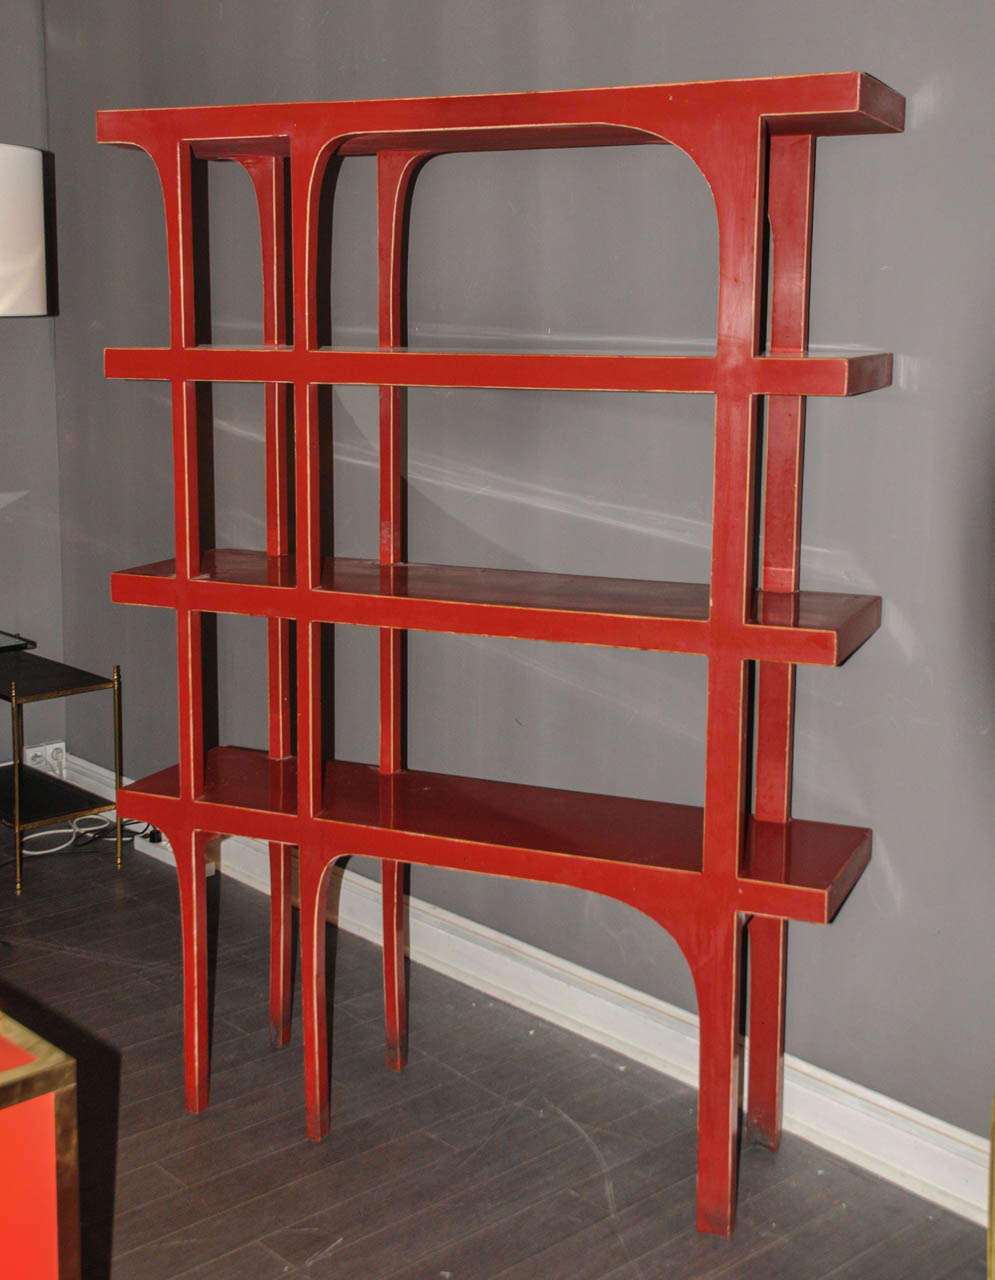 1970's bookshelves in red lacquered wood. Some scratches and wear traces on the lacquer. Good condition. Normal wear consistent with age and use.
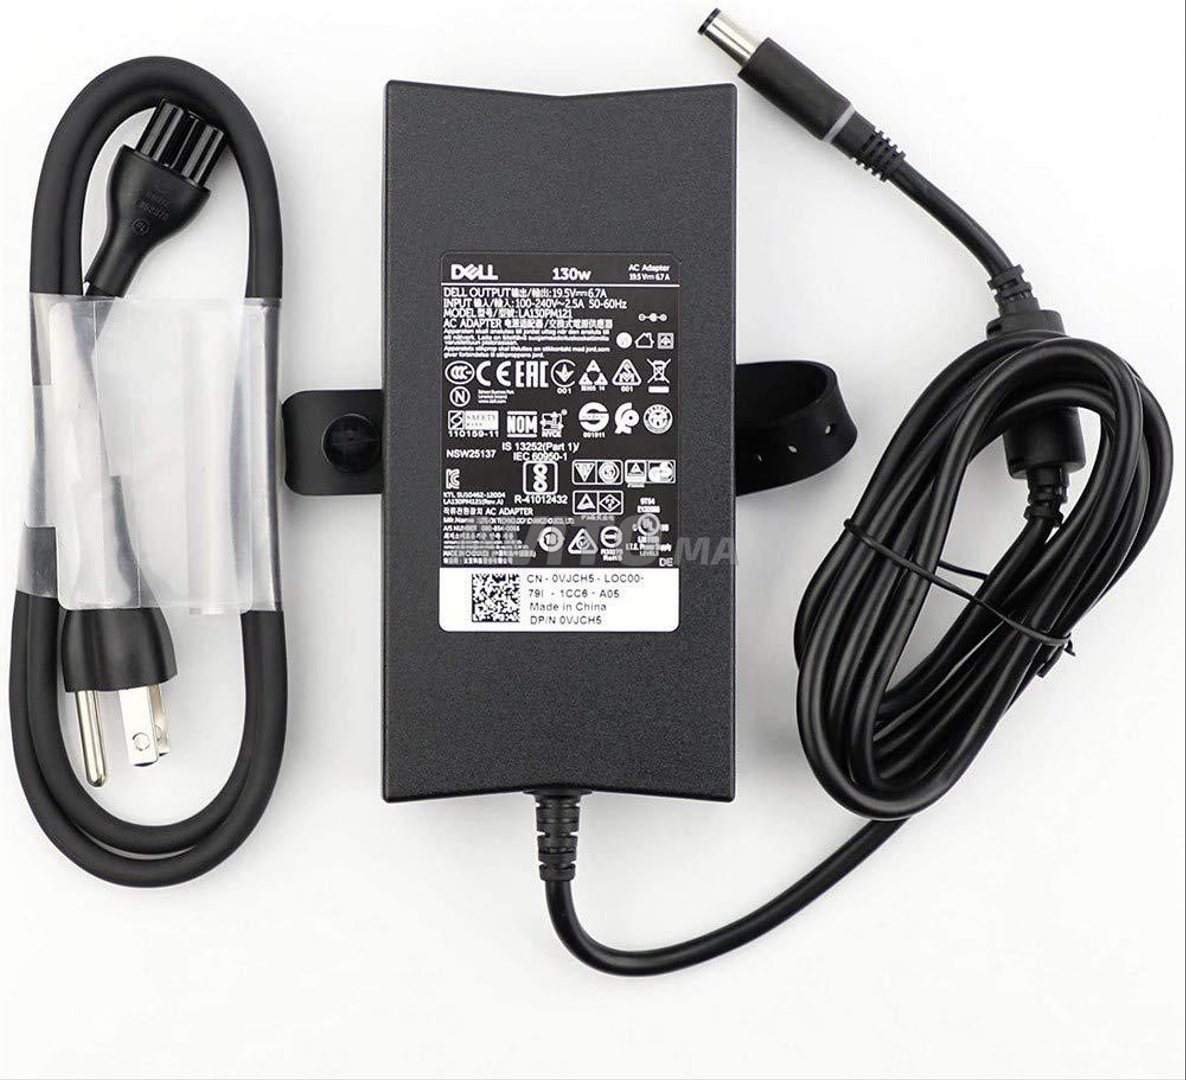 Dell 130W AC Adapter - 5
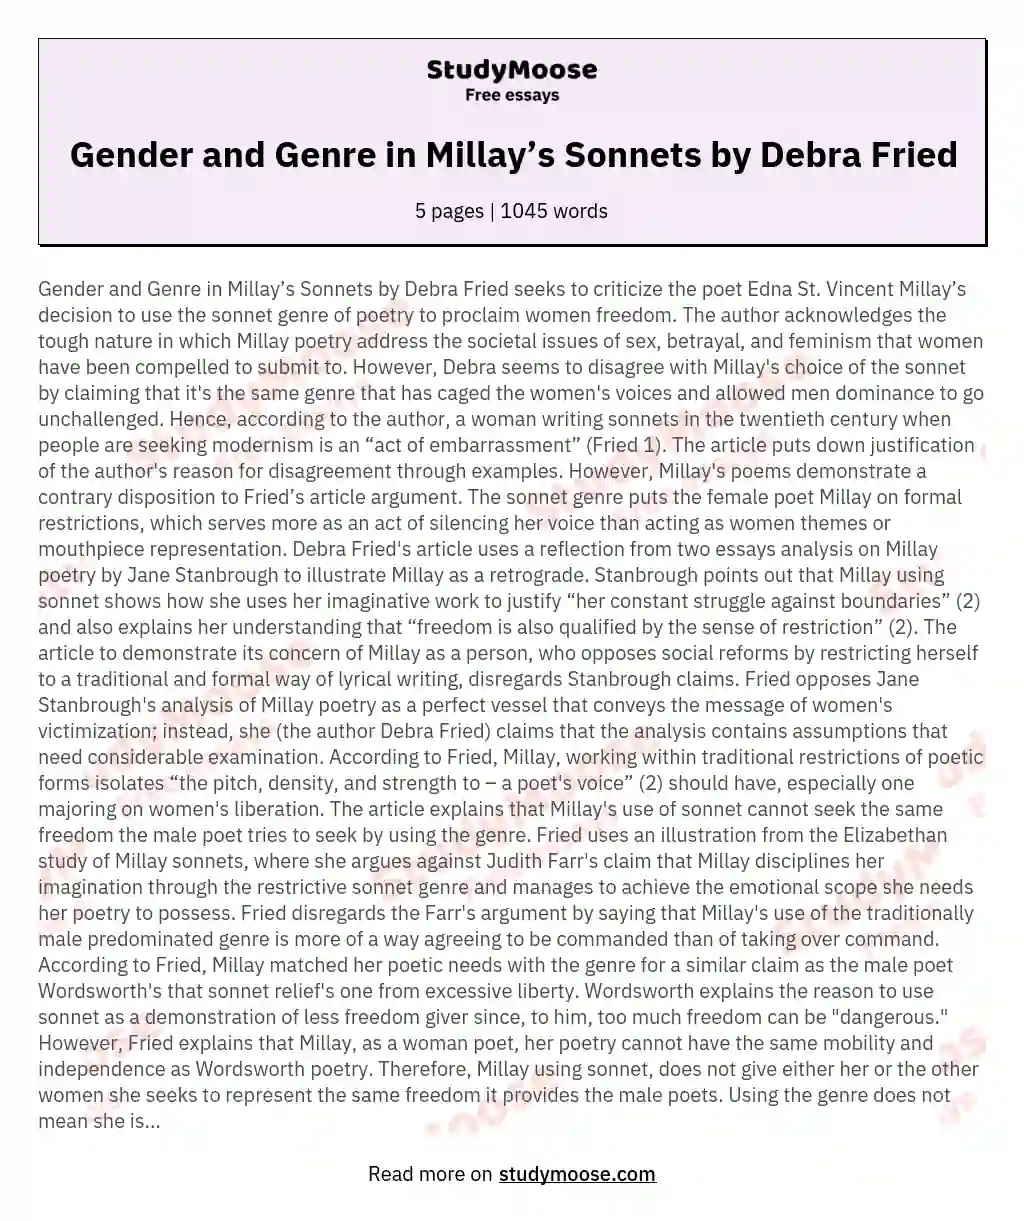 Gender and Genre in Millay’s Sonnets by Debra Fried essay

++++++

=== TASK DETAILS ===
Reproduce every line above word for word; no images.

=== REPLY ===
 1970's bookshelves in red lacquered wood. Some scratches and wear traces on the lacquer. Good condition. Normal wear consistent with age and use.
 Dell 130W AC Adapter - 5
 Gender and Genre in Millay’s Sonnets by Debra Fried essay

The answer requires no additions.